CLES examination applicants should also review and understand the topics that are included under each main content area. In addition to understanding bodily systems and organs as part of human anatomy and physiology, applicants should also understand the various types of laboratory equipment used in treating illness and disease that can occur in human organs, systems, and blood. They should understand relevant terminology, including how each piece of laboratory equipment functions and how to trouble shoot in the event of equipment failure. Understanding safety and routine procedural applications is also important.
Individuals preparing for the CLES examination should designate a specific study time on a daily or weekly basis, thereby establishing a study routine that becomes part of their normal schedule. They should prioritize how and what they will study, spending time on those areas that carry the most weight in the examination score as well as those areas where they feel the weakest. The study area should be well-lit and comfortable, but free of distractions.

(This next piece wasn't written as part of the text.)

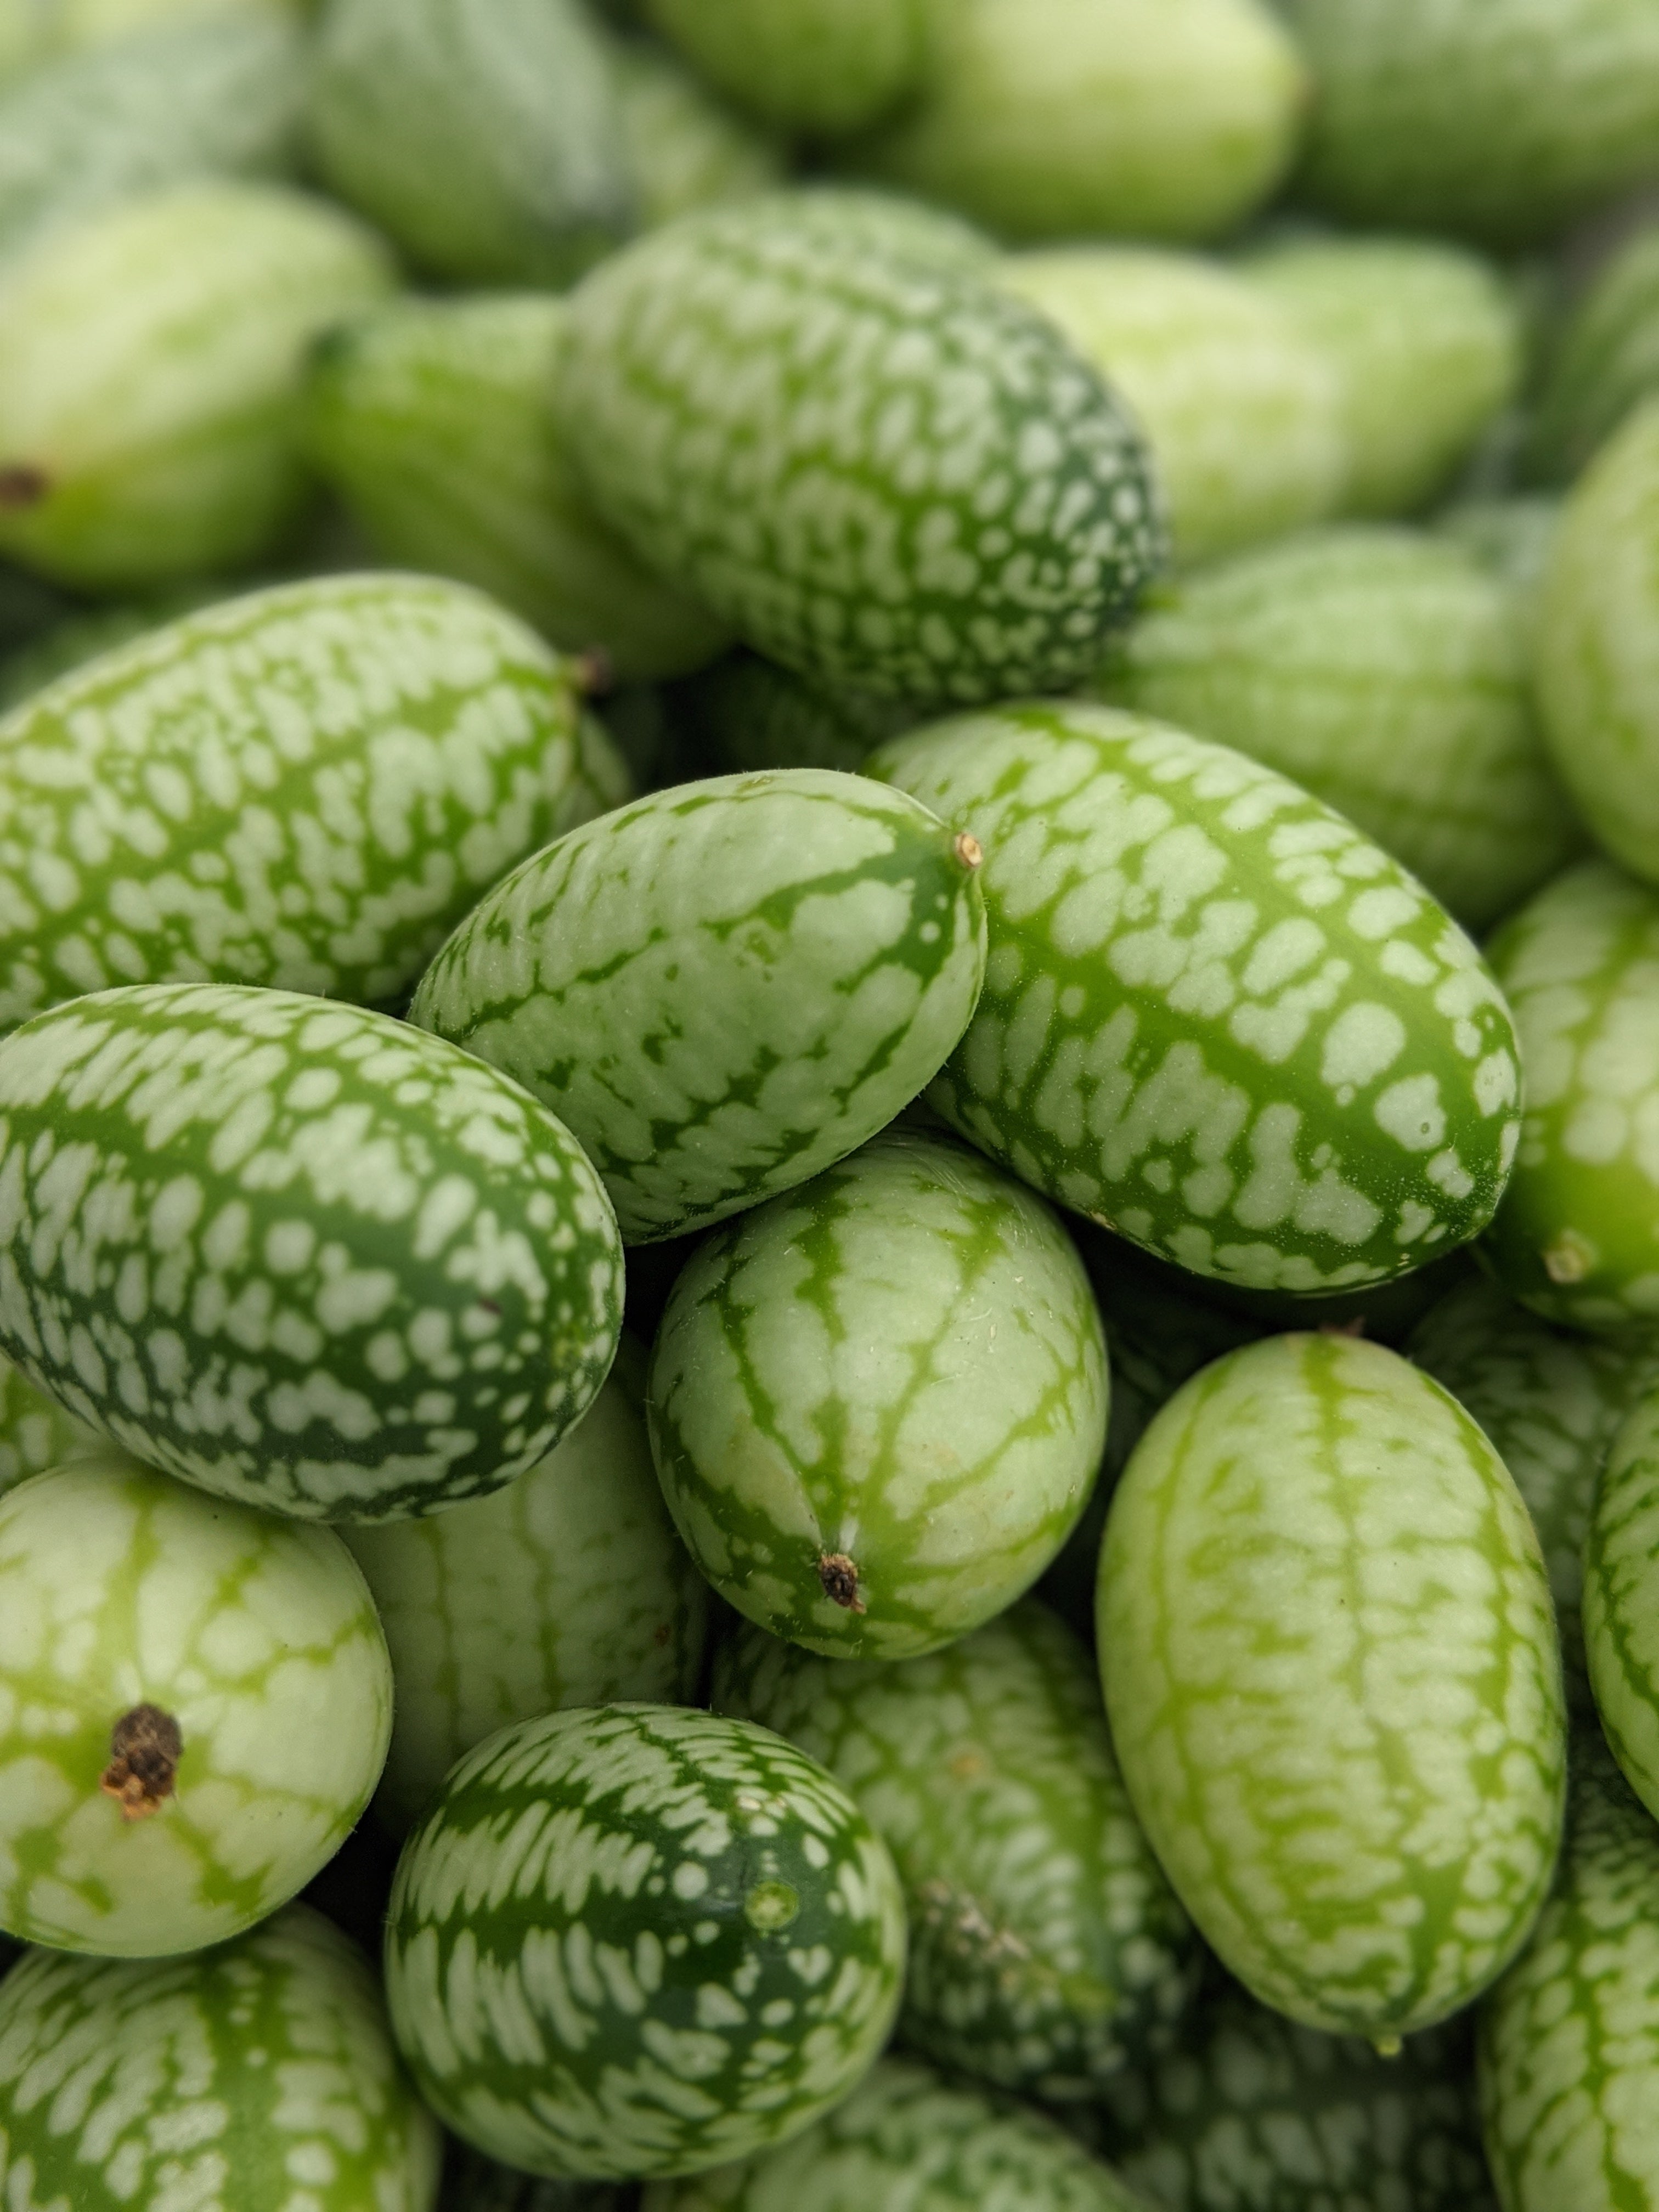 Vibrant home grown cucamelons, they look like baby watermelons and taste like a cucumber. Great for pickles!
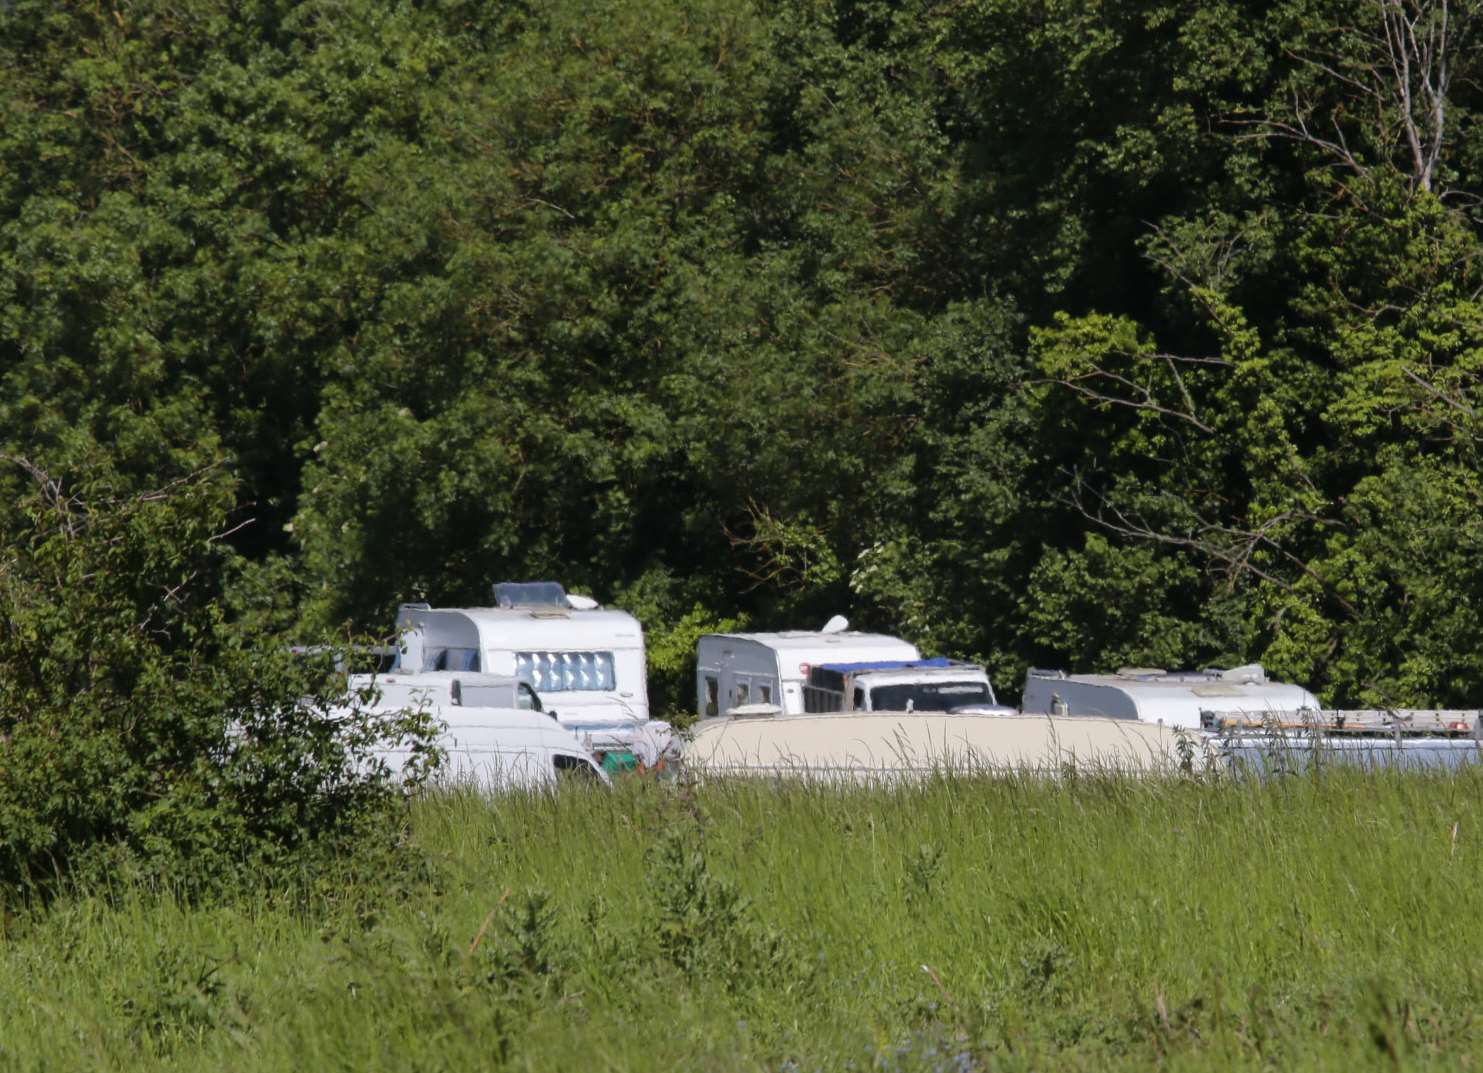 Travellers on the site

There are many study aids and resources available, ranging from preparation courses to books to study groups. Some aids provide sample test questions that are representative of those on the actual CLES examination. Applicants will not need to be concerned with memorizing complex formulas; a sheet listing all the formulas is provided along with the examination. Examinees must, however, know how to properly apply a specific formula for solving a particular problem or equation. For this reason, it is important to practice solving problems that involve the use of formulas as part the examination preparation, for example problems that require a conversion from Fahrenheit to Celsius.
Examinees will likely encounter examination questions to which they will not know the answer. Because the question format is multiple-choice, it is wise to narrow down possible responses by process of elimination. This way there will probably be just two possible correct responses remaining from which to choose.
CLES test questions are developed and reviewed at least three times for content, job relevance, and accuracy prior to appearing on an examination. Laboratory equipment specialists who are the most experienced and prepared will do the best on the examination.